The need to carry the society in this process goes not only to making a good parliamentary decision. It goes further into the realm of acceptability by the governed. A decision that is acceptable endures. No better example can be found than in the American experience at Philadelphia in the 18th century and its aftermath. The French know it as well because their experience has not been so good. Their revolution of 1789 was followed by bold and then overreaching provisions that failed to save it. It eventually gave rise to the Reign of Terror and to the Bonaparte dictatorship.
Constitution-making is a slow, and often painful and tedious process. Even we know that. In all the commissions so far, be it the regarded Wooding or Hyatali commissions and the not-so-regarded last one, our parliaments have consistently used the commission process as a device to satisfy the requirement of political form. This was so even in the face of the seminal work by the Wooding Commission, which will always be the pukka—if you forgive the Urdu expression—standard regarding public consultation, reporting and independence.
The promoters of constitutional change must therefore approach it with all the savoir-faire and finesse they can muster. The population has the political sophistication to readily discern merit from partisan political advantage. Even if we acknowledge the fact that in any society there is bound to be resistance to change based a pure political dynamic, no matter how compelling the argument for it, the imperative of the promoters of this change is to carry the society.
For that to happen the proposal must have merit. It does not help the argument that one of the proposed provisions which does not appear to meet the requirement of genuine consultation with the public, was introduced as a seeming afterthought and is perhaps the most far-reaching. That, coupled with an insistence on a requirement of a simple majority, is bound to promote disquiet. A great deal of political capital has to be expended to promote a far-reaching change which is not well understood.

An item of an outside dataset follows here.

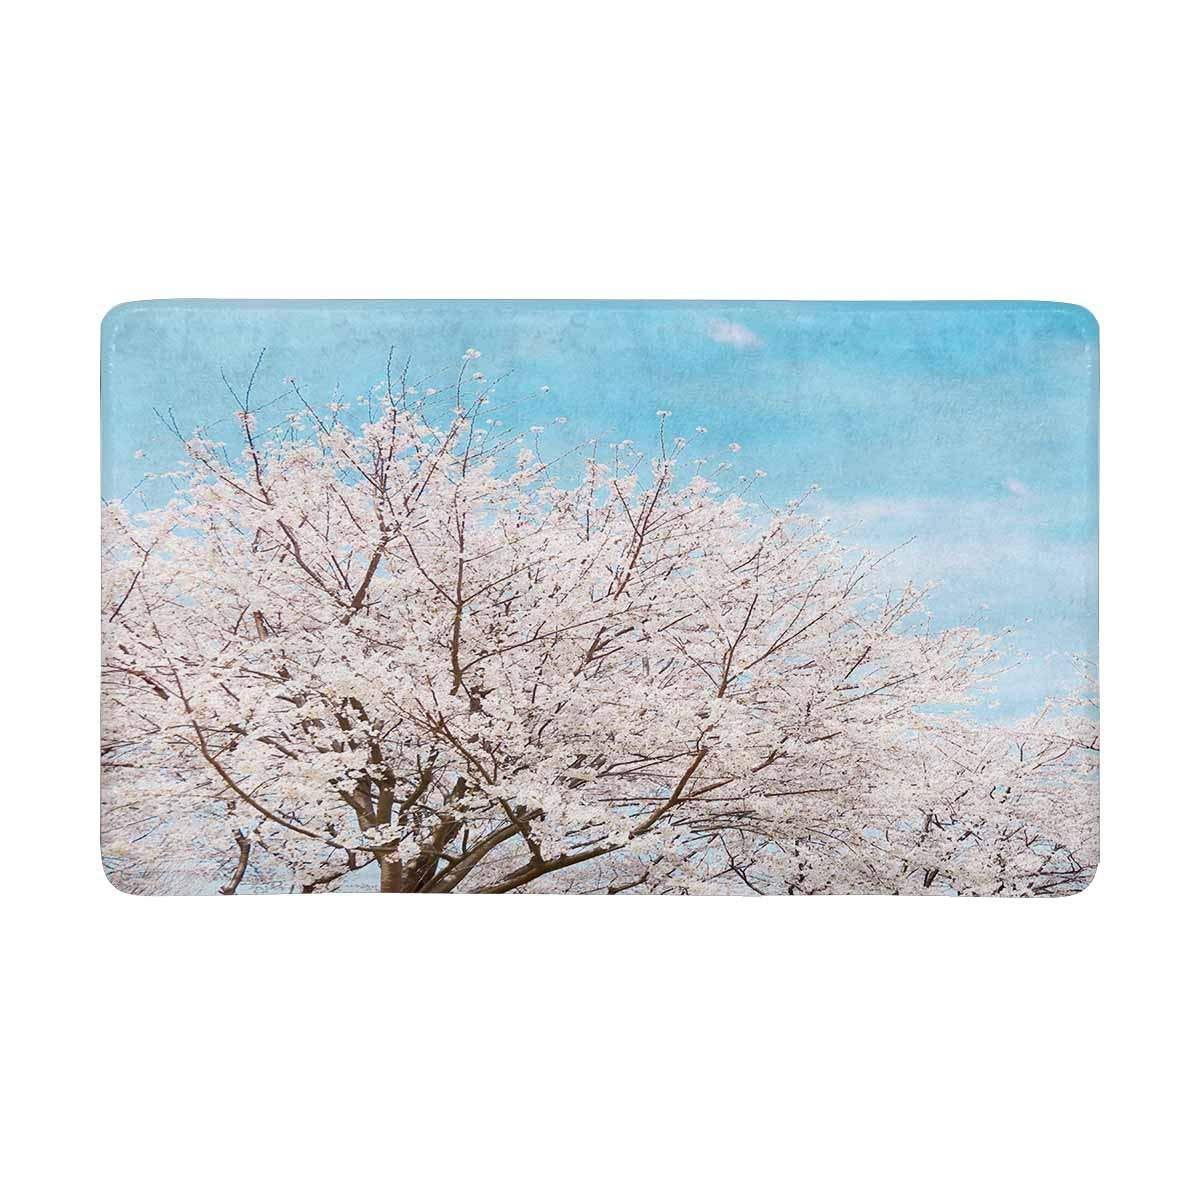 Spring Tree Cherry Blossom Sakura Anti Slip Door Mat Home Decor Indoor Entrance Doormat Mat Aliexpress

In the end the defining principle is democratic legitimacy. The provisions relating to the run-off is defining of many values. All our major parties were once third parties. Even third parties, many of whom in our short history have not made government, have created defining movements. If we are to reduce the options of political participation in the run-off then we must do it consciously and, even perhaps more importantly, honestly. The last constituency that has to be satisfied in making these new arrangements is the Parliament. Parliament can certainly have a go at it. Even the courts, if moved, may have their opinion. In the end, if it has to last, it will turn on public trust.